# Algebraic geometry – Flat limit (of twisted cubes) contained in surfaces

Let $$H$$ denotes the irreducible component of $$text {Hilb} ^ {3t + 1} mathbb {P} ^ 3$$ whose general member corresponds to a non-singular twisted cubic. Let $$C$$ be a sub-regime within the limit of $$H$$ and suppose that it is in a surface $$S subseteq mathbb {P} ^ 3$$.
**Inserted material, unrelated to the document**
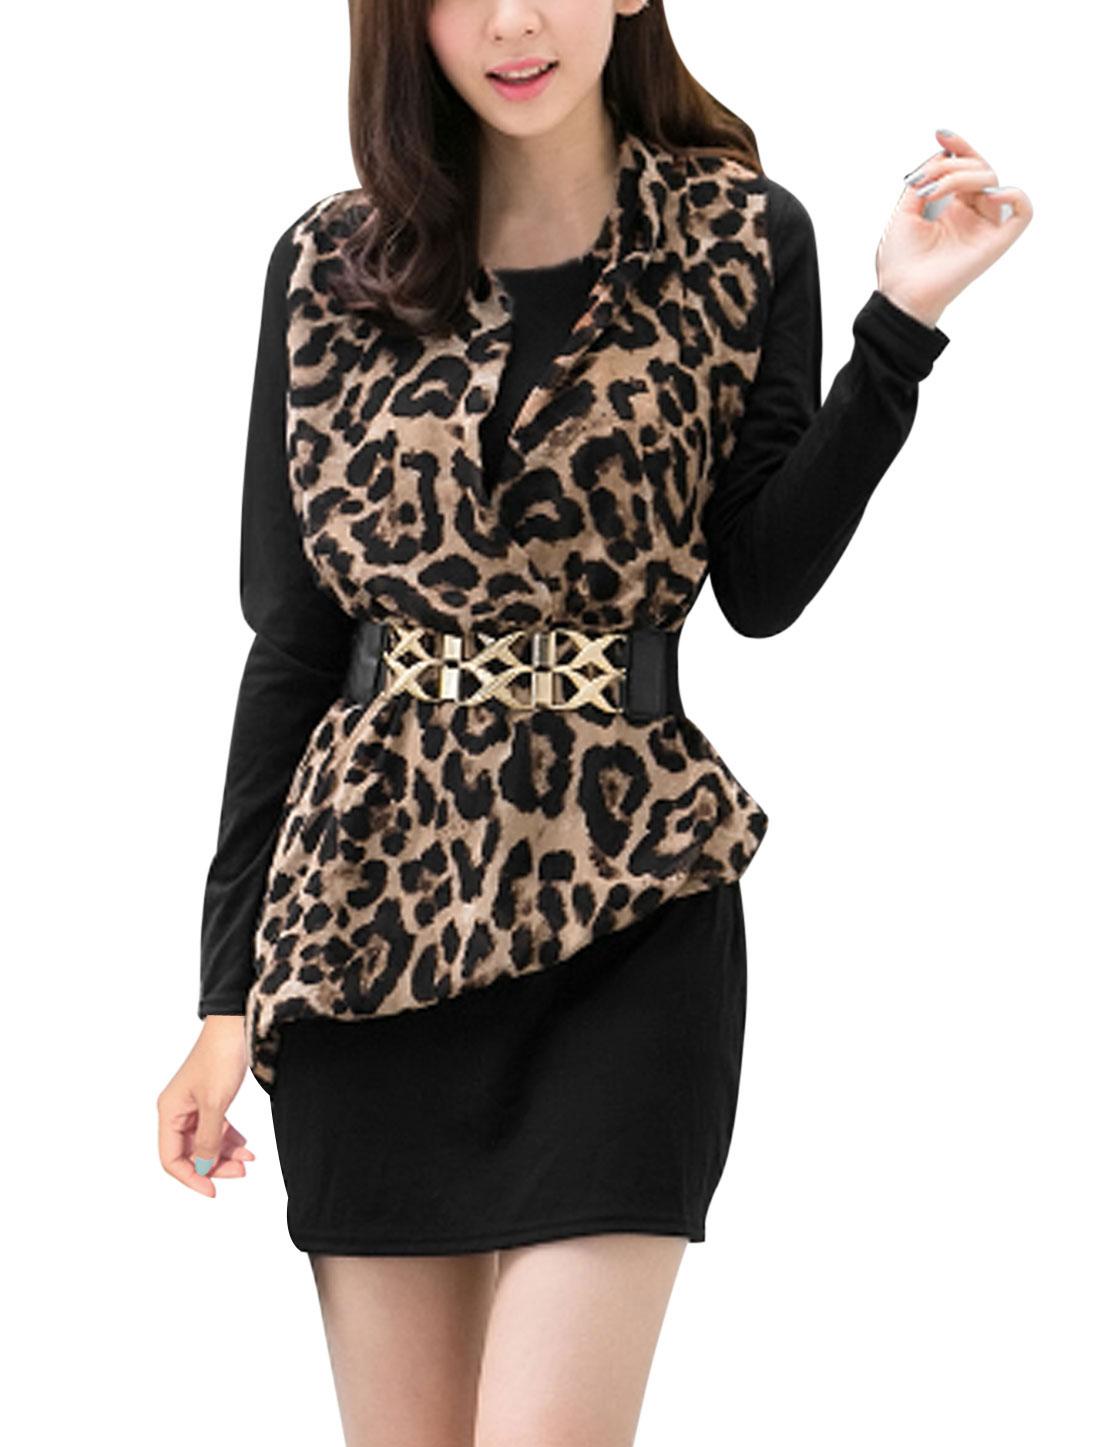 Ladies Black Long Sleeves Round Neck Chiffon Splice Slim Fit Dress S

So why is it possible to find families $$C_R, S_R subseteq mathbb {P} ^ 3_R$$ on a DVR $$R$$ with fraction field $$K$$ such as

1) $$C_R subseteq S_R$$

2) Generic fiber $$C_K$$ is a non singular twisted cubic

3) $$C subseteq S$$ are the closed fibers of the family.

The authors in "Hilbert Diagram Compactification of Twisted Cubics Space": https://www.uio.no/studier/emner/matnat/math/MAT4230/h10/undervisningsmateriale/Hilbertscheme.pdf on display at the page 4 (pg 763), line 7 of the evidence. Although they are studying built-in points, this statement seems to be something more general about uniform boundaries?

More generally, is it true that if something on the boundary of my component in a Hilbert schema was located in a hypersurface, could I then find a family on a DVR as above?